Its adjusted earnings beat Wall Street expectations, but revenue fell short as the company faced tough pricing competition during the quarter. Its shares fell in premarket trading.
Best Buy Co. (BBY) has been working on a turnaround plan as it faces increased competition from online retailers and discount stores. The plan includes closing stores, cutting costs and investing in training for its employees. In April it also said it would sell its 50 percent stake in its European joint venture to streamline its business and strengthen its balance sheet.
The electronics retailer says net loss for the three months ended May 4 after paying preferred dividends totaled $81 million, or 24 cents a share. That compares with net income of $158 million, or 46 cents a share, last year.
Excluding restructuring costs and costs related to selling its stake in Best Buy Europe, it earned 36 cents a share. That beat the 24 cents a share that analysts expected, according to FactSet.
Revenue fell nearly 10 percent to $9.38 billion, short of expectations of $10.67 billion. Revenue in stores open at least one year fell 1.1 percent. The measure is a key gauge of a retailer's expectations because it excludes stores that open or close during the year.

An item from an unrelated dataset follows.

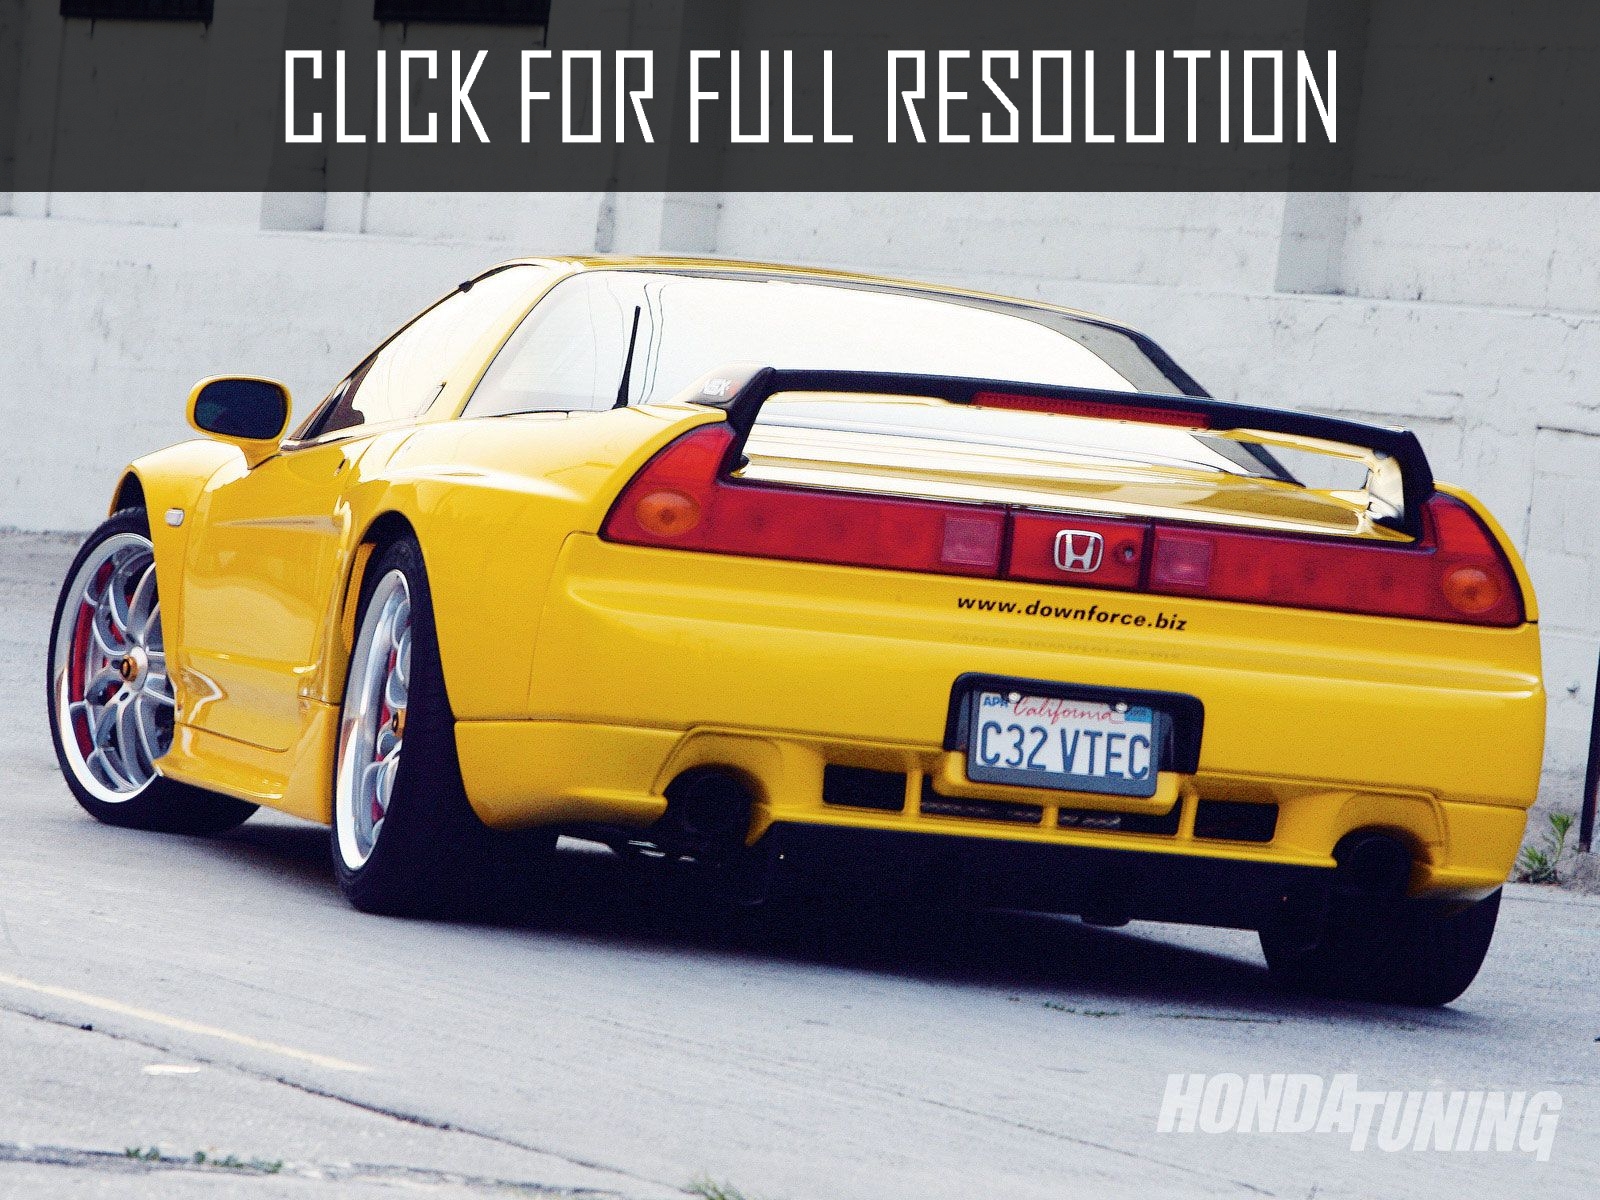 2000 Honda Nsx - news, reviews, msrp, ratings with amazing images

CEO Hubert Joly said results were hurt by the shift of Super Bowl, which typically drives TV sales, into the prior quarter, and the decision to reduce sales in some non-core businesses.
CFO Sharon McCollam said the company expects the price competitiveness that hurt a share results in the first quarter will continue into the second. She added that adding Samsung store-within-stores and restructuring retail floor space at some stores are expected to hurt some stores as well.
The investments in its turnaround plan, however are expected to be "substantially offset" by the company's cost cutting initiatives.
Best Buy shares fell 48 cents, or 1.8 percent, to $26.33 in premarket trading about 75 minutes ahead of the market opening.